DATA RECORDS:
_ _ _ _ _

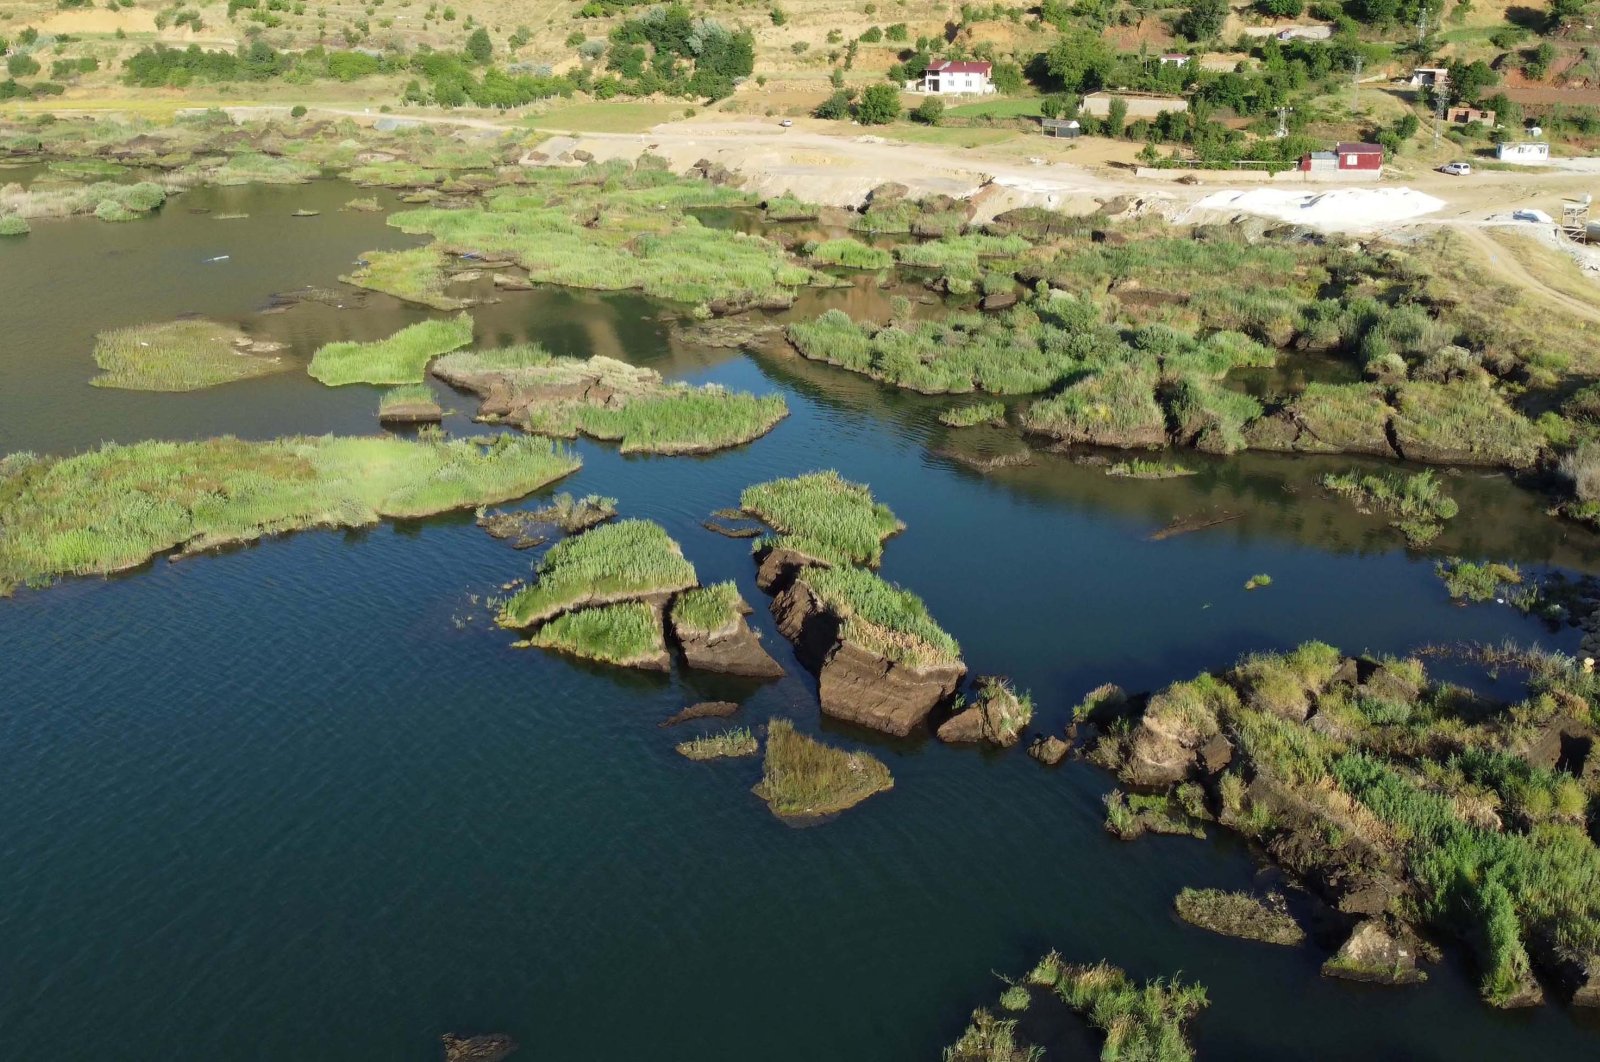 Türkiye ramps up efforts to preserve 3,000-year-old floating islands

_ _ _ _ _

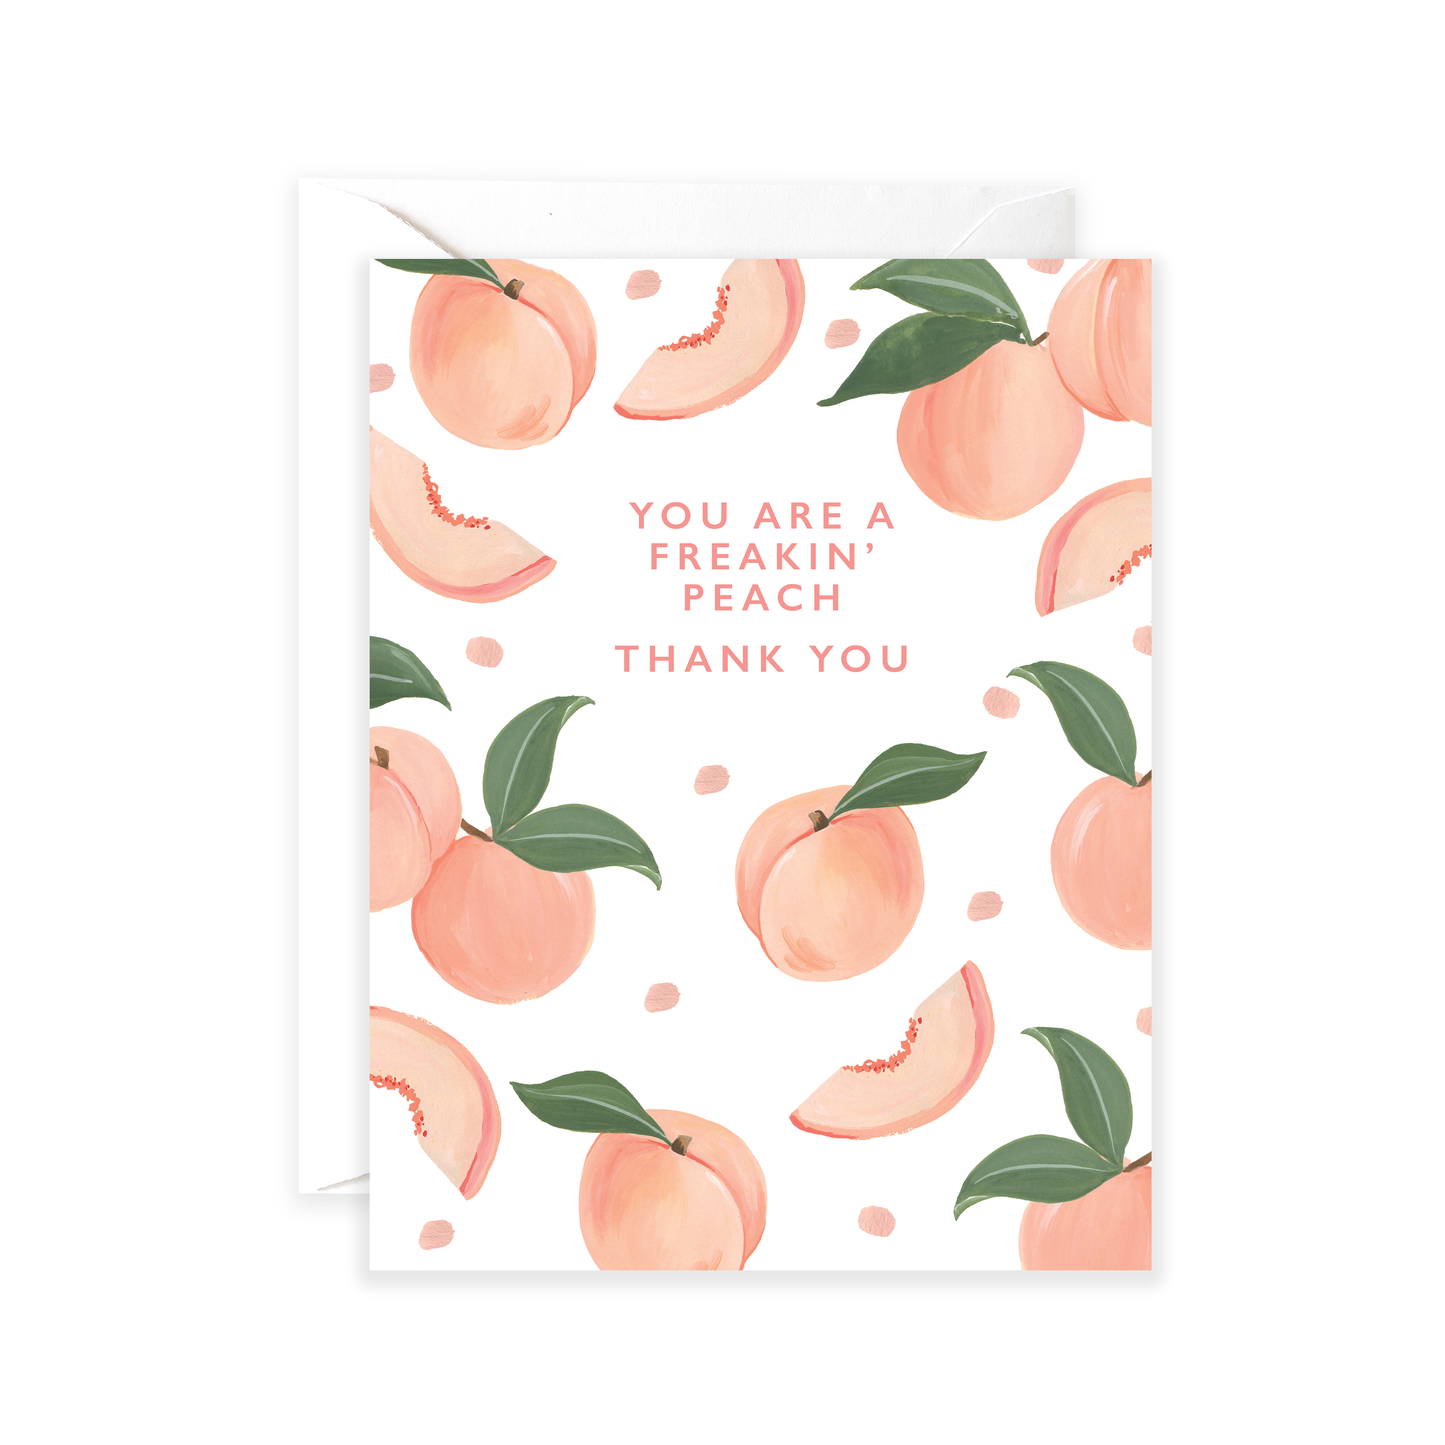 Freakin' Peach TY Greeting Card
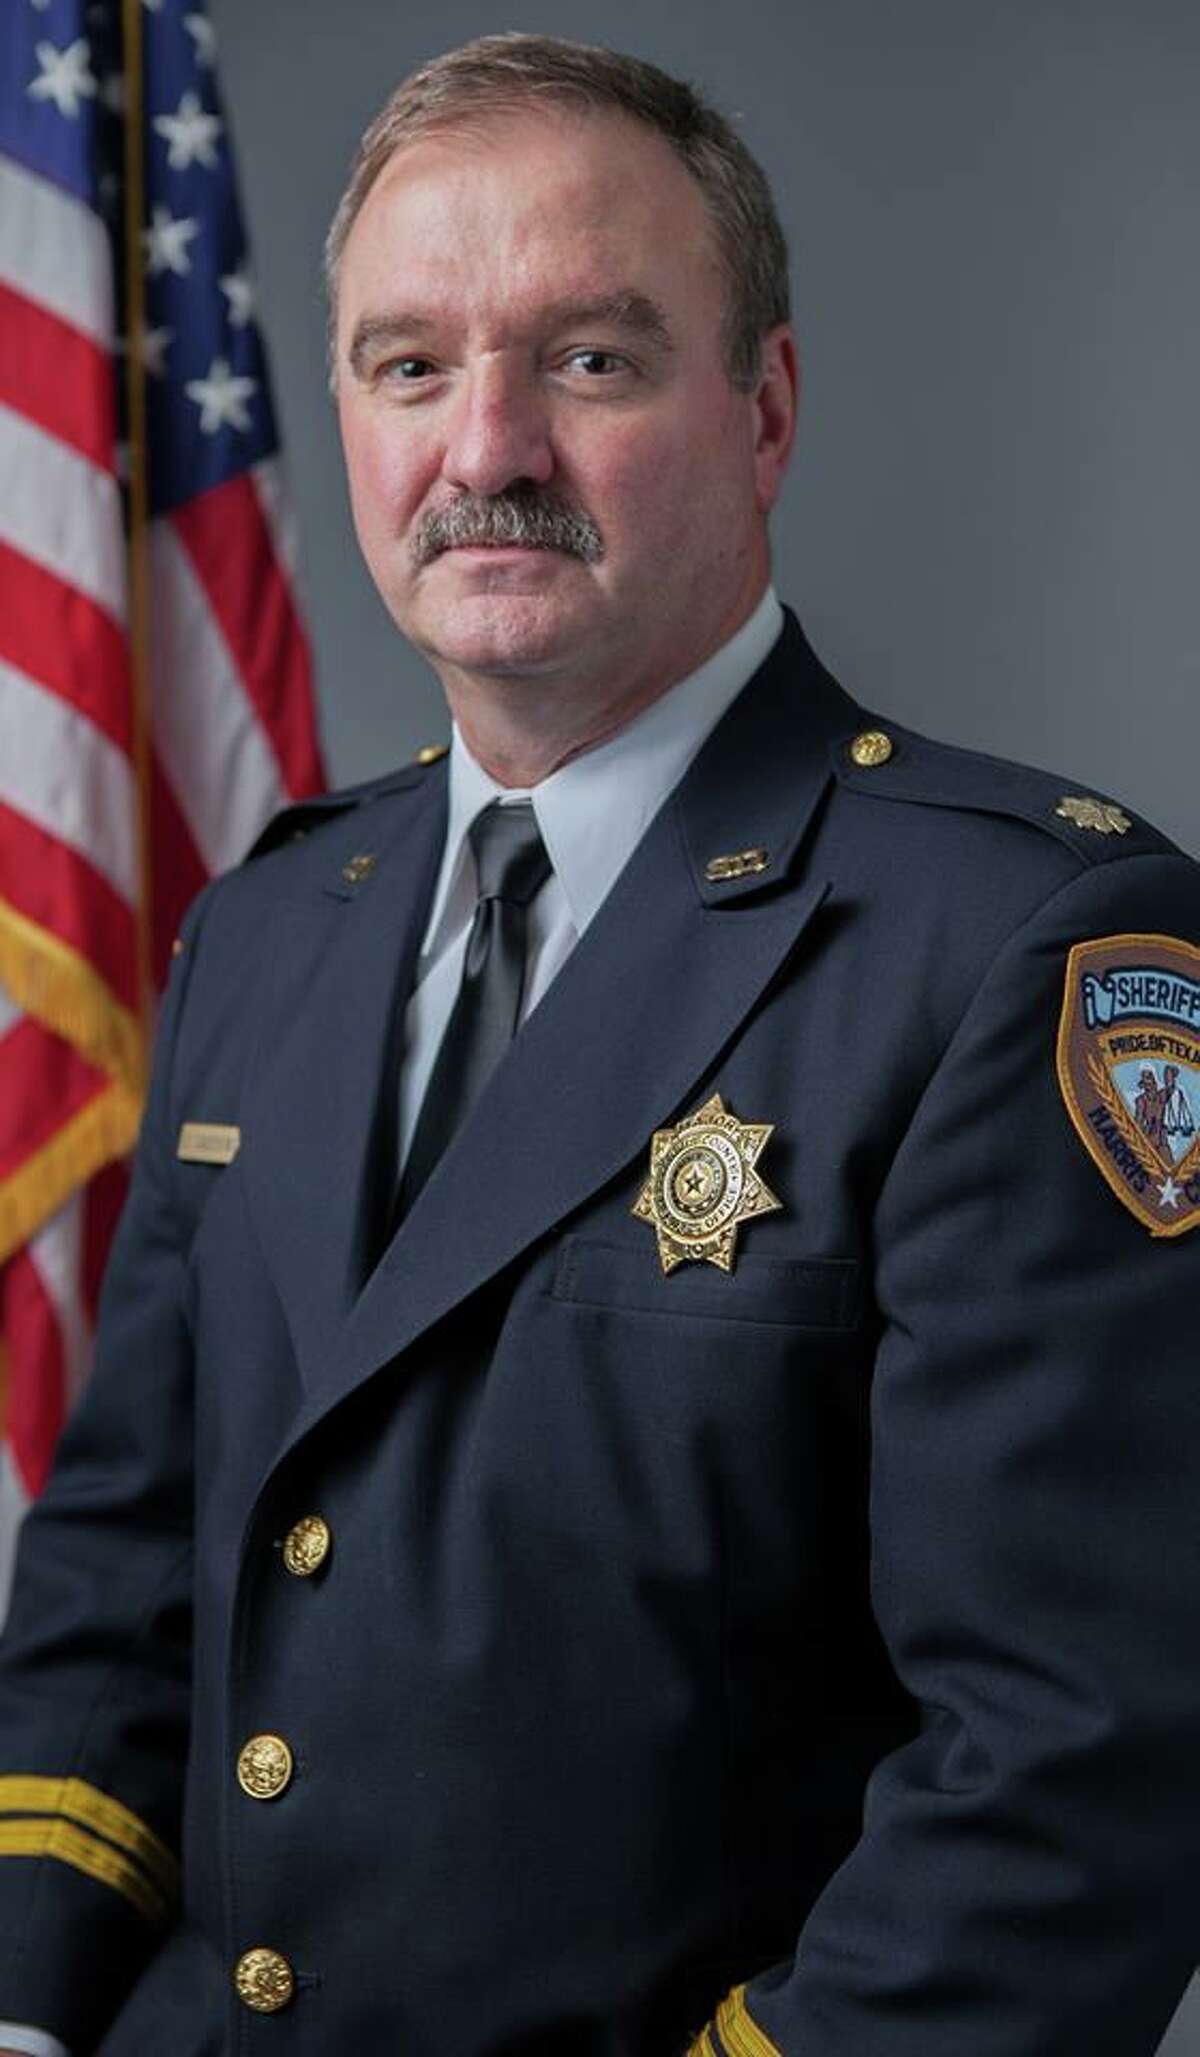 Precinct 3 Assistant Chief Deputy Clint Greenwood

_ _ _ _ _

YOUR INSTRUCTIONS: Nothing but the lines from the one containing "Freakin' Peach TY Greeting Card" through the one containing "Precinct 3 Assistant" should appear, copied exactly from the material above and without pictures.

ANSWER SPACE:
 Freakin' Peach TY Greeting Card
 Precinct 3 Assistant Chief Deputy Clint Greenwood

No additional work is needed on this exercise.